Aziz dostlarım, geçen hafta size Kuşeyrî Risâlesi konusundaki hayal kırıklığımı genişçe anlatmış, bozuk ve anlaşılmaz, üstelik de birbirini tutmaz Türkçesi yüzünden bu eseri okumayacağımı söylemiştim. Bu hafta ise Kuşeyrî Risâlesi’nin yerini çok güzel ve oldukça akıcı Türkçesiyle dolduran, gönül rahatlığıyla okuyabileceğimiz bir eserden bahsedeceğim.

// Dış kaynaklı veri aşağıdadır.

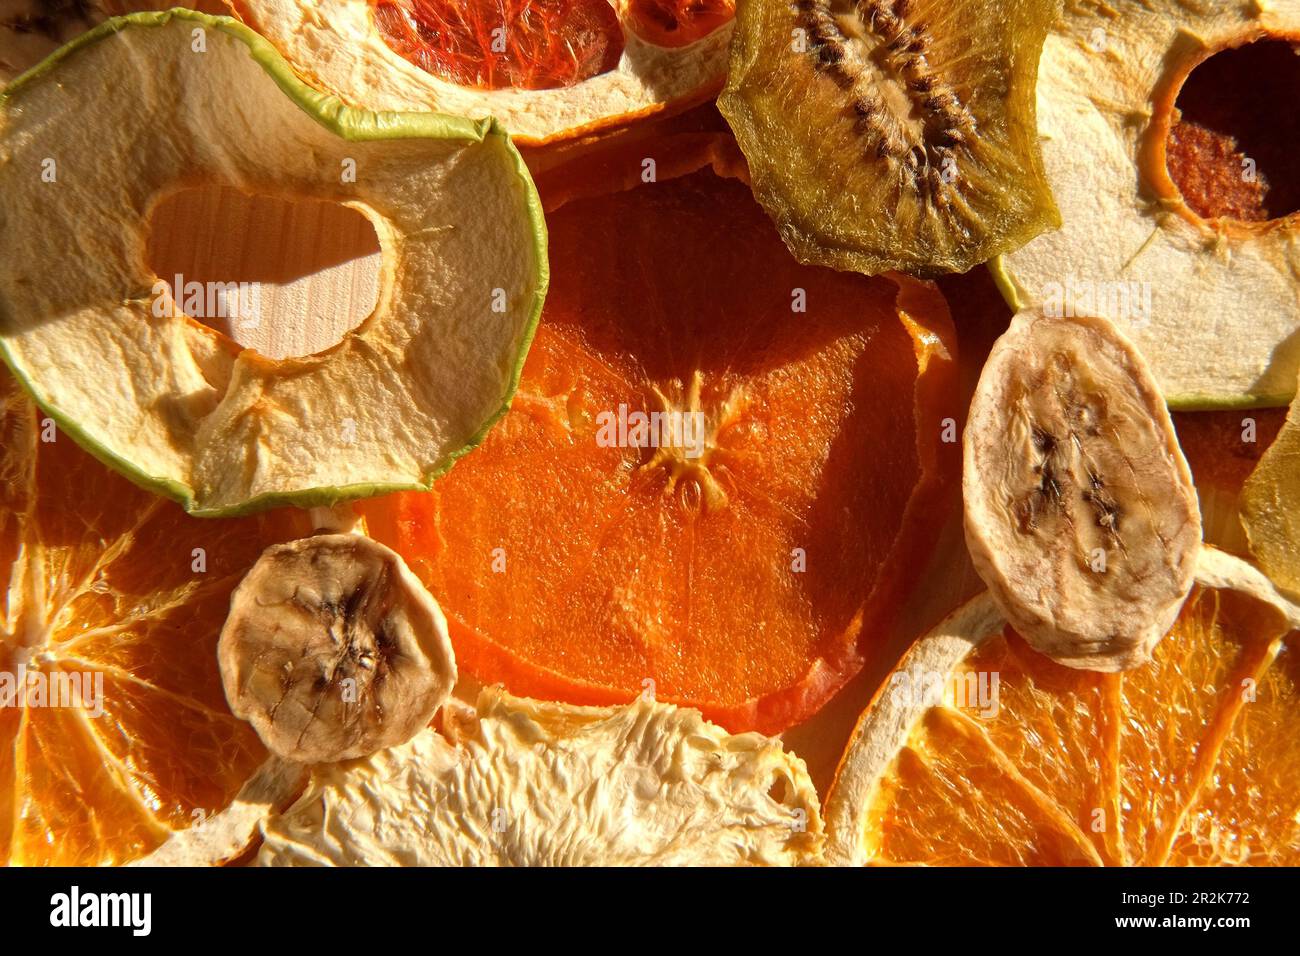 Fruits secs. Assortiment de fruits biologiques séchés au soleil sur fond de bois. Grignotage et cuisson. Mélange tendance de fruits secs et confits sli Banque D'Images

Bahsedeceğim bu eser, 700 yılı aşkın süredir sadece İslâm âlemindeki Müslümanları değil, bütün dünyadaki insanları irşâd eden, yani hak yola sevkeden, gönüllerini kurtuluşa, saadete, huzur ve sükûna, tek kelimeyle yaşanan İslâm’a açan, Kur’ân’ı çok değişik, fakat oldukça doyurucu bir şekilde tefsir edip açıklayan eşsiz bir eserdir. Bu eser, bütün cihanda gönülleri pas bağlamamış herkesin sevip saydığı bir büyüğümüz tarafından, o dönemin edebiyat dili olan Farsça ile kaleme alınmıştır ve nazım şeklinde düzenlenmiştir. Bu eserin yazılışı bile zaten başlı başına bir kerâmet, insanın gözünü kamaştıran bir çeşit mucizedir. Düşününüz ki, o dünya çapındaki eşsiz veli ve yol gösterici, bu eseri kâtibine mısralar hâlinde, beyitler hâlinde yazdırıyor. O mısra ve beyitler üzerinde dönüp düzeltme yapmıyor. Yüce Rabbimiz’den aldığı ilhamla ha bire yazdırıyor ve her yazdırdığında edep, ahlâk, irfan, bilgi ve İslâm’ı kalben yaşamaya teşvik eden hikmetler, hikâyeler sayfalara dökülüyor. Bu şekilde yazdırılan ve elli bin mısradan oluşan böyle bir öğüt kitabı, dünyanın hiçbir yerinde, hiçbir kimse tarafından, hiçbir zaman ortaya konamamıştır ve bundan sonra da konması imkânsızdır.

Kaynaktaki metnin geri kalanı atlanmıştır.